Relations.—The celiac artery is covered by the lesser omentum.
On the right side it is in relation with the right celiac ganglion and
the caudate process of the liver; on the left side, with the left celiac
ganglion and the cardiac end of the stomach. Below, it is in relation to
the upper border of the pancreas, and the lienal vein.
1.
The Left Gastric Artery (a. gastrica sinistra; gastric or coronary
artery), the smallest of the three branches of the celiac artery, passes
upward and to the left, posterior to the omental bursa, to the cardiac orifice
of the stomach. Here it distributes branches to the esophagus, which anastomose
with the aortic esophageal arteries; others supply the cardiac part of the
stomach, anastomosing with branches of the lienal artery. It then runs from
left to right, along the lesser curvature of the stomach to the pylorus,
between the layers of the lesser omentum; it gives branches to both surfaces of
the stomach and anastomoses with the right gastric artery.
2.
The Hepatic Artery (a. hepatica) in the adult is intermediate in
size between the left gastric and lienal; in the fetus, it is the largest of
the three branches of the celiac artery. It is first directed forward and to
the right, to the upper margin of the superior part of the duodenum, forming
the lower boundary of the epiploic foramen (foramen of Winslow). It then
crosses the portal vein anteriorly and ascends between the layers of the lesser
omentum, and in front of the epiploic foramen, to the porta hepatis, where it
divides into two branches, right and left, which supply the corresponding lobes
of the liver, accompanying the ramifications of the portal vein and hepatic
ducts. The hepatic artery, in its course along the right border of the lesser
omentum, is in relation with the common bile-duct and portal vein, the duct
lying to the right of the artery, and the vein behind.
Its
branches are:
Right
Gastric.
Gastroduodenal
Right
Gastroepiploic.
Superior
Pancreaticoduodenal.
Cystic.

The
celiac artery and its branches; the liver has been raised, and the lesser
omentum and anterior layer of the greater omentum removed.
The
right gastric artery (a. gastrica dextra; pyloric artery) arises
from the hepatic, above the pylorus, descends to the pyloric end of the
stomach, and passes from right to left along its lesser curvature, supplying it
with branches, and anastomosing with the left gastric artery.
The
gastroduodenal artery (a. gastroduodenalis) (533) is a short but large branch,
which descends, near the pylorus, between the superior part of the duodenum and
the neck of the pancreas, and divides at the lower border of the duodenum into
two branches, the right gastroepiploic and the superior pancreaticoduodenal.

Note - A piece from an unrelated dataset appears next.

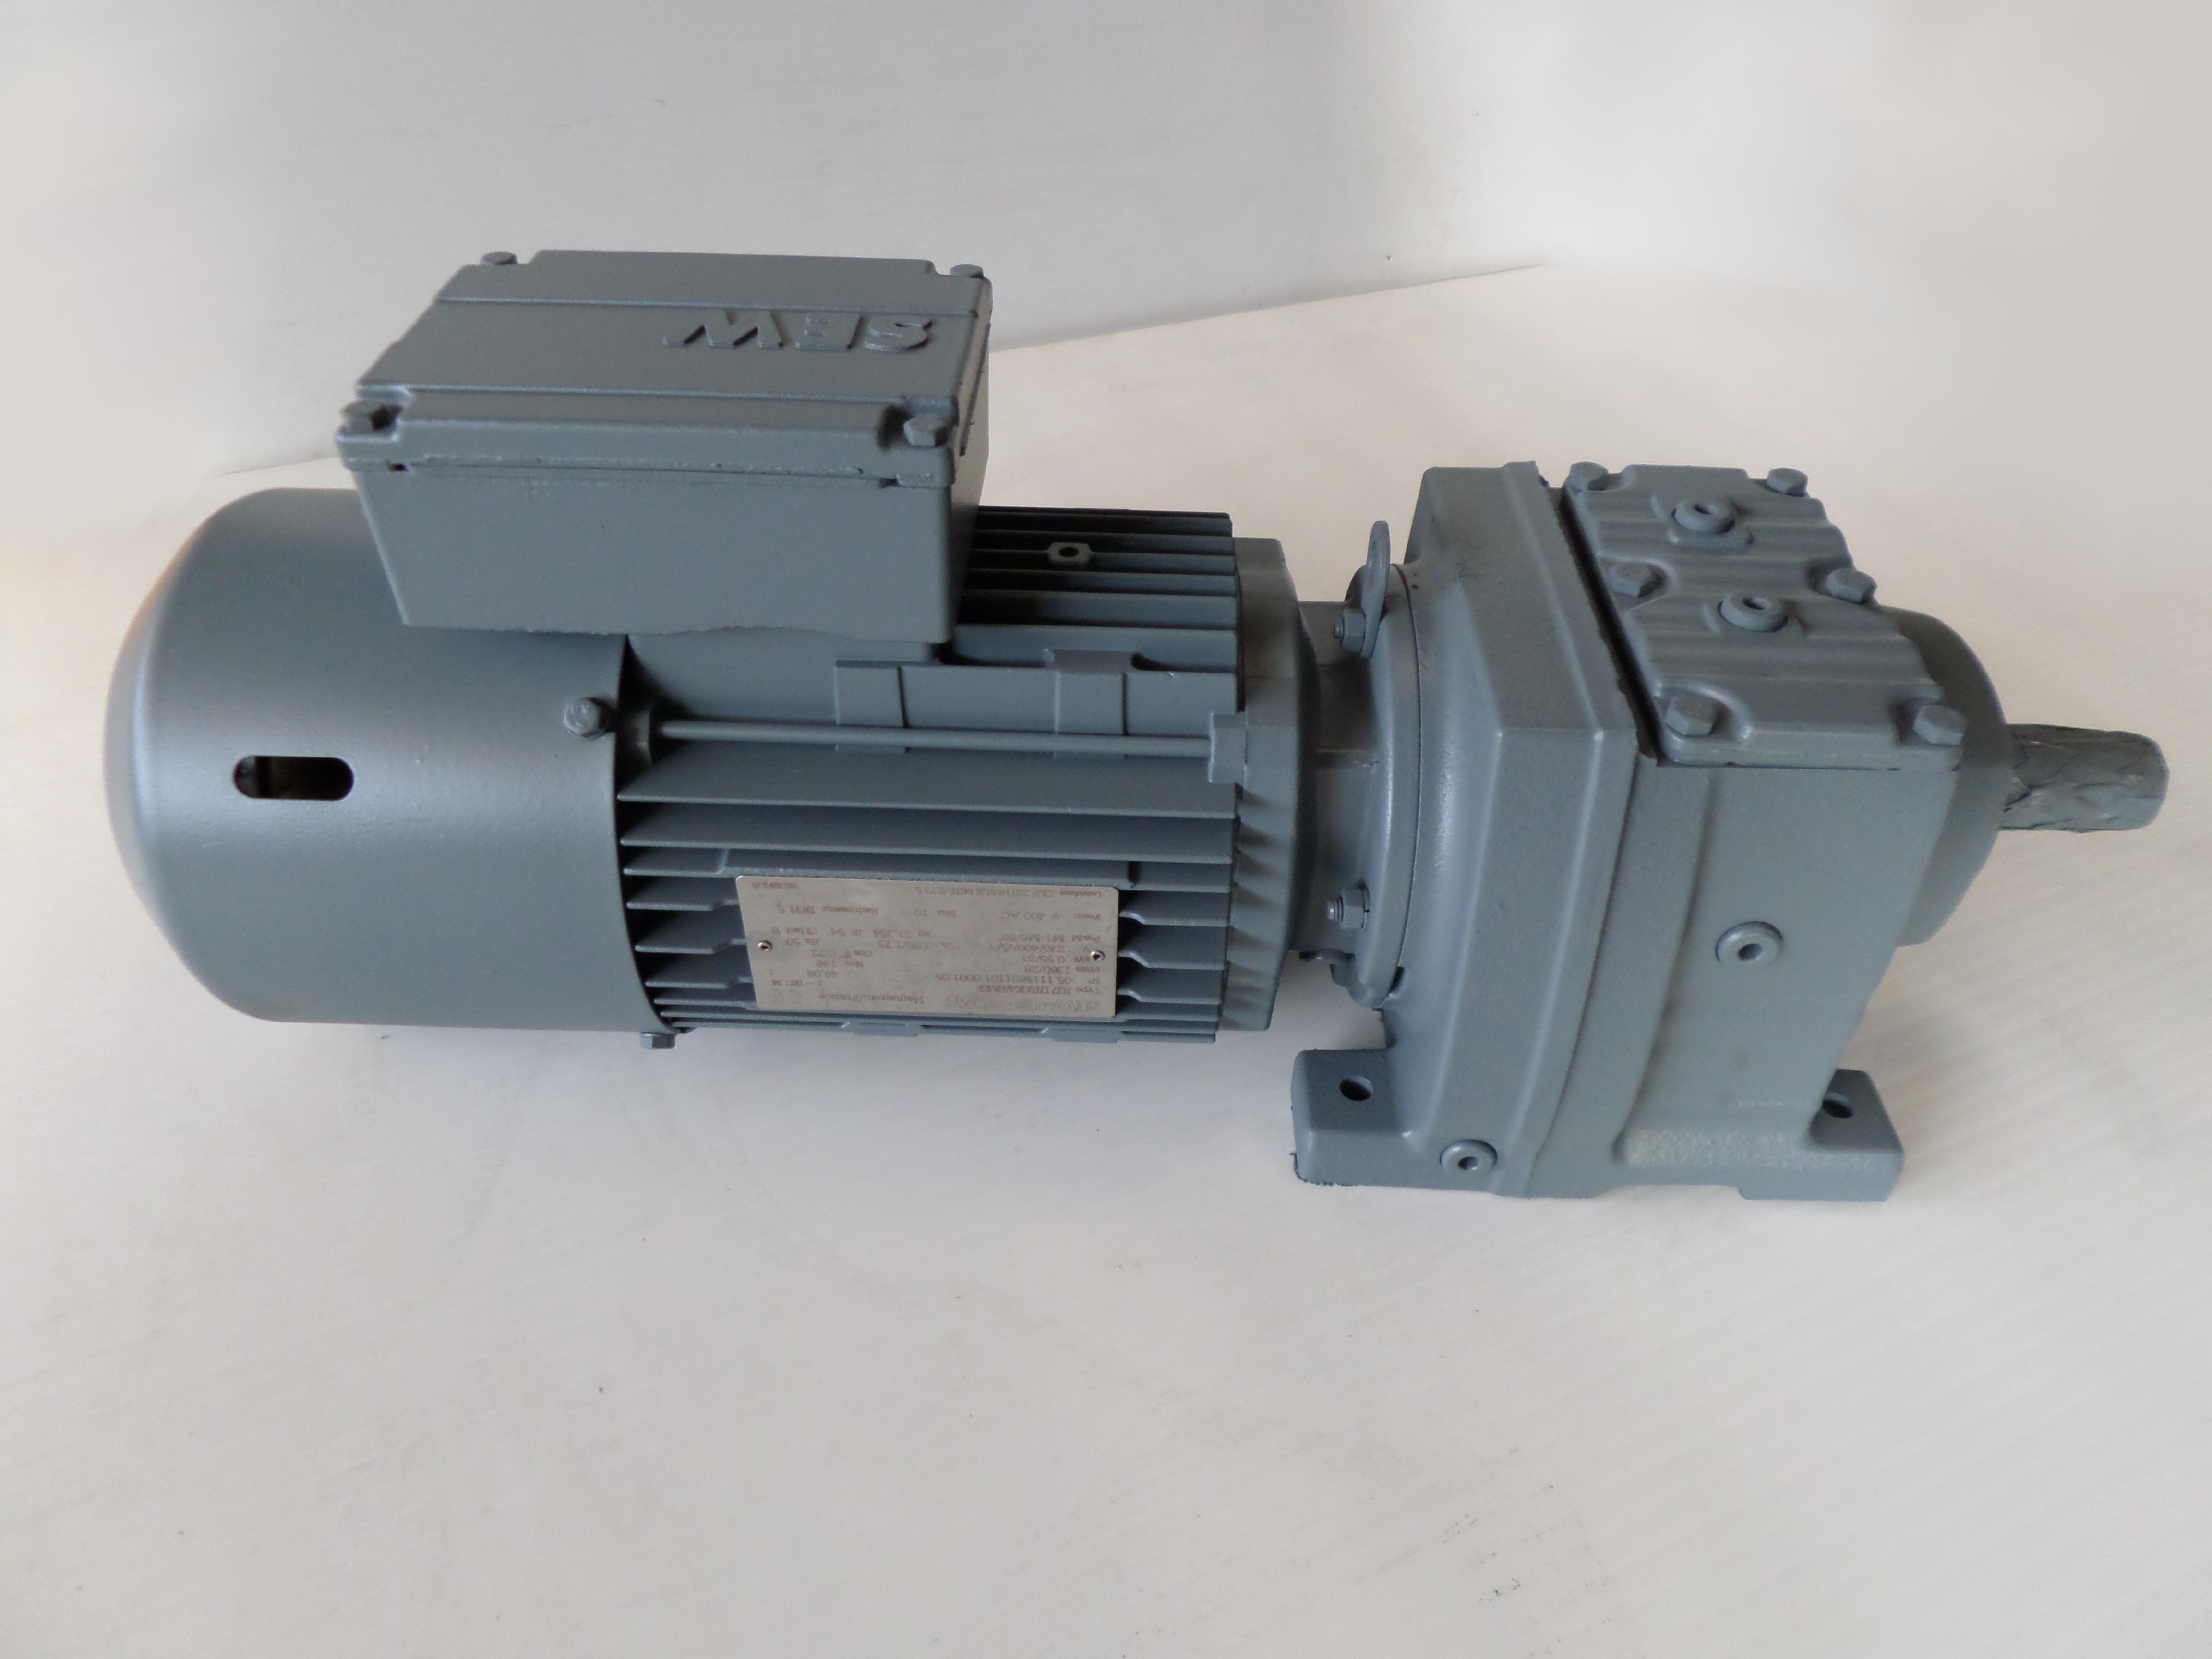 Motor Ducteur Sew Pdf Suivre For Speed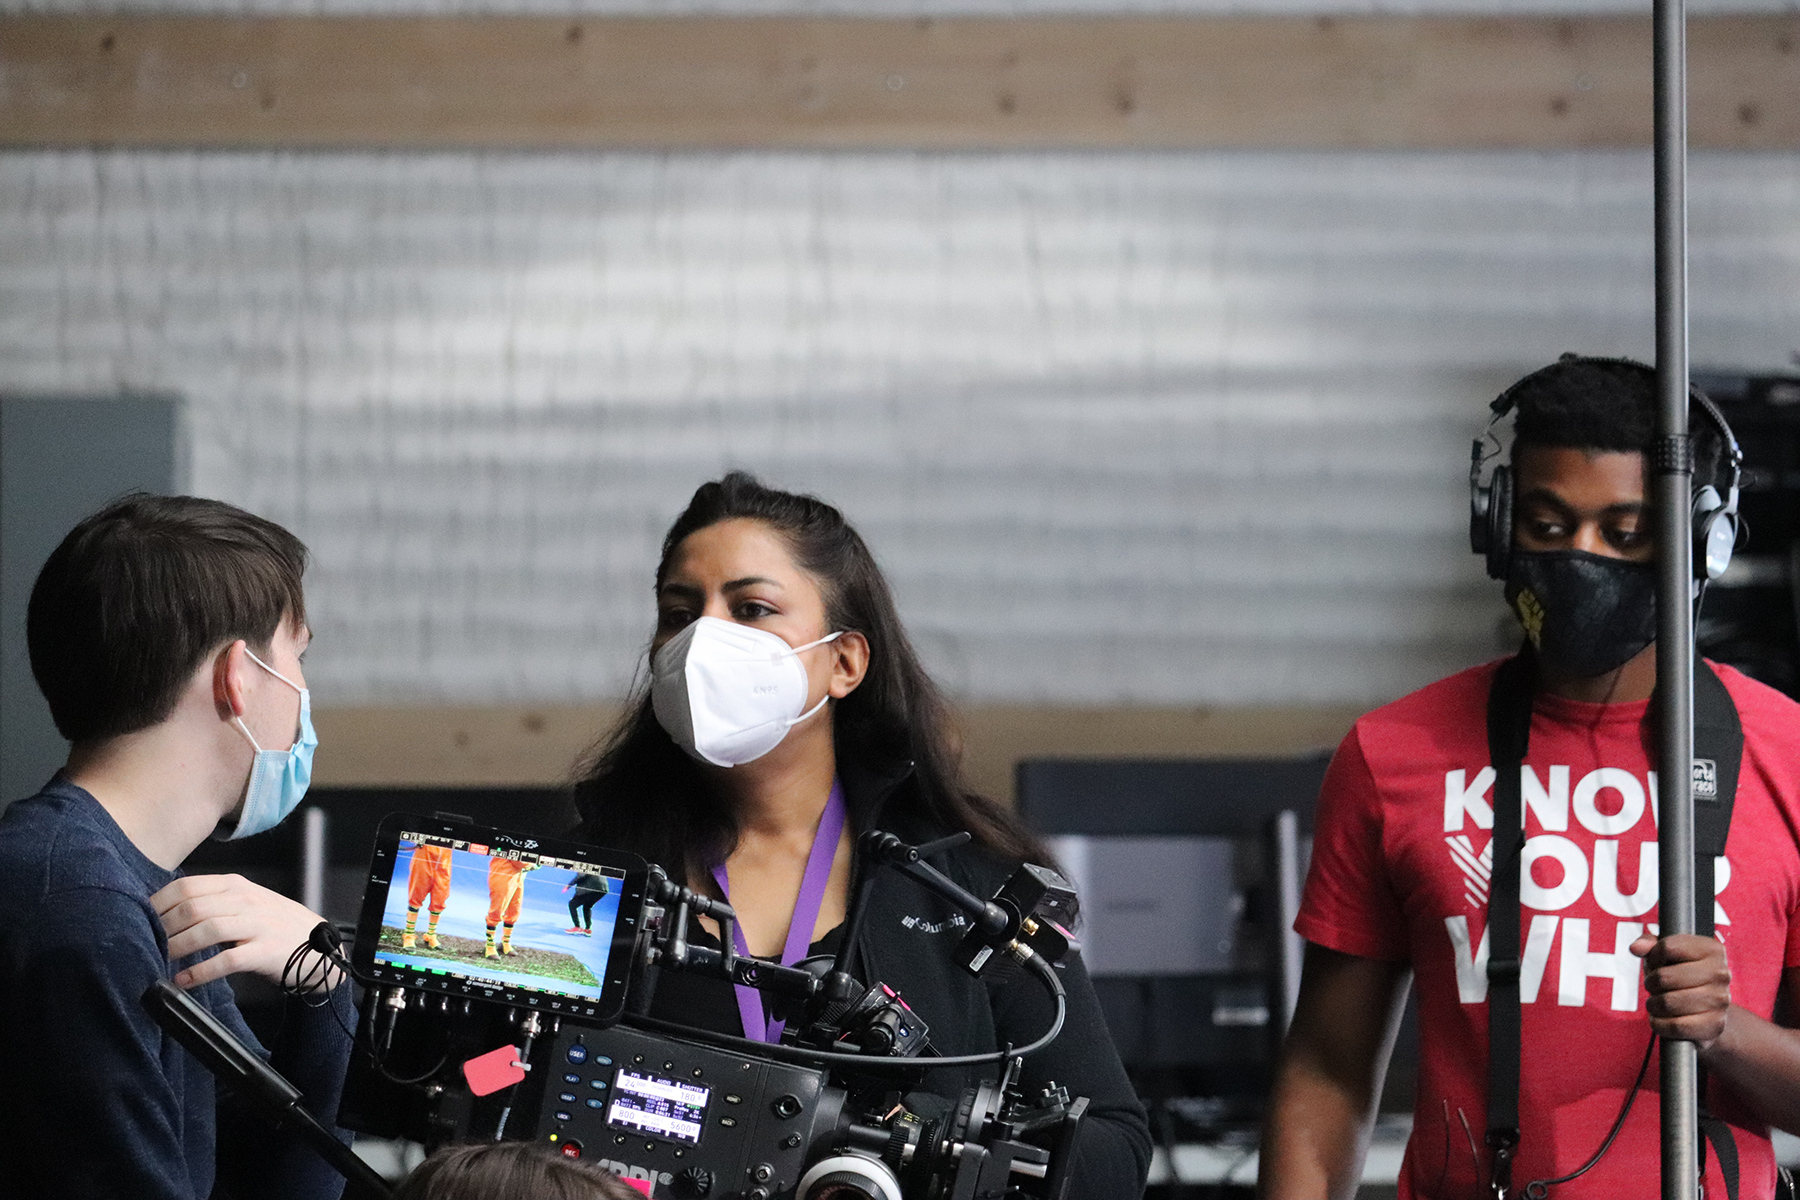 Ambarien Alqadar talks with students on the set.

Previous to its division it gives off two or three small branches to the
pyloric end of the stomach and to the pancreas.
The
right gastroepiploic artery (a. gastroepiploica dextra) runs from
right to left along the greater curvature of the stomach, between the layers of
the greater omentum, anastomosing with the left gastroepiploic branch of the
lienal artery. Except at the pylorus where it is in contact with the stomach,
it lies about a finger's breadth from the greater curvature. This vessel gives
off numerous branches, some of which ascend to supply both surfaces of the
stomach, while others descend to supply the greater omentum and anastomose with
branches of the middle colic.
The
superior pancreaticoduodenal artery (a. pancreaticoduodenalis
superior) descends between the contiguous margins of the duodenum and
pancreas. It supplies both these organs, and anastomoses with the inferior
pancreaticoduodenal branch of the superior mesenteric artery, and with the
pancreatic branches of the lienal artery.

The
celiac artery and its branches; the stomach has been raised and the peritoneum
removed.
The
cystic artery (a. cystica) (532), usually a branch of the right hepatic,
passes downward and forward along the neck of the gall-bladder, and divides
into two branches, one of which ramifies on the free surface, the other on the
attached surface of the gall-bladder.
3.
The Lienal or Splenic Artery (a. lienalis), the largest
branch of the celiac artery, is remarkable for the tortuosity of its course. It
passes horizontally to the left side, behind the stomach and the omental bursa
of the peritoneum, and along the upper border of the pancreas, accompanied by
the lienal vein, which lies below it; it crosses in front of the upper part of
the left kidney, and, on arriving near the spleen, divides into branches, some
of which enter the hilus of that organ between the two layers of the
phrenicolienal ligament to be distributed to the tissues of the spleen; some
are given to the pancreas, while others pass to the greater curvature of the
stomach between the layers of the gastrolienal ligament. Its branches are:
Pancreatic.
Short
Gastric.
Left
Gastroepiploic.
The
pancreatic branches (rami pancreatici) are numerous small vessels
derived from the lienal as it runs behind the upper border of the pancreas,
supplying its body and tail. One of these, larger than the rest, is sometimes
given off near the tail of the pancreas; it runs from left to right near the
posterior surface of the gland, following the course of the pancreatic duct,
and is called the arteria pancreatica magna. These vessels anastomose
with the pancreatic branches of the pancreaticoduodenal and superior mesenteric
arteries.
The
short gastric arteries (aa. gastricæ breves; vasa brevia)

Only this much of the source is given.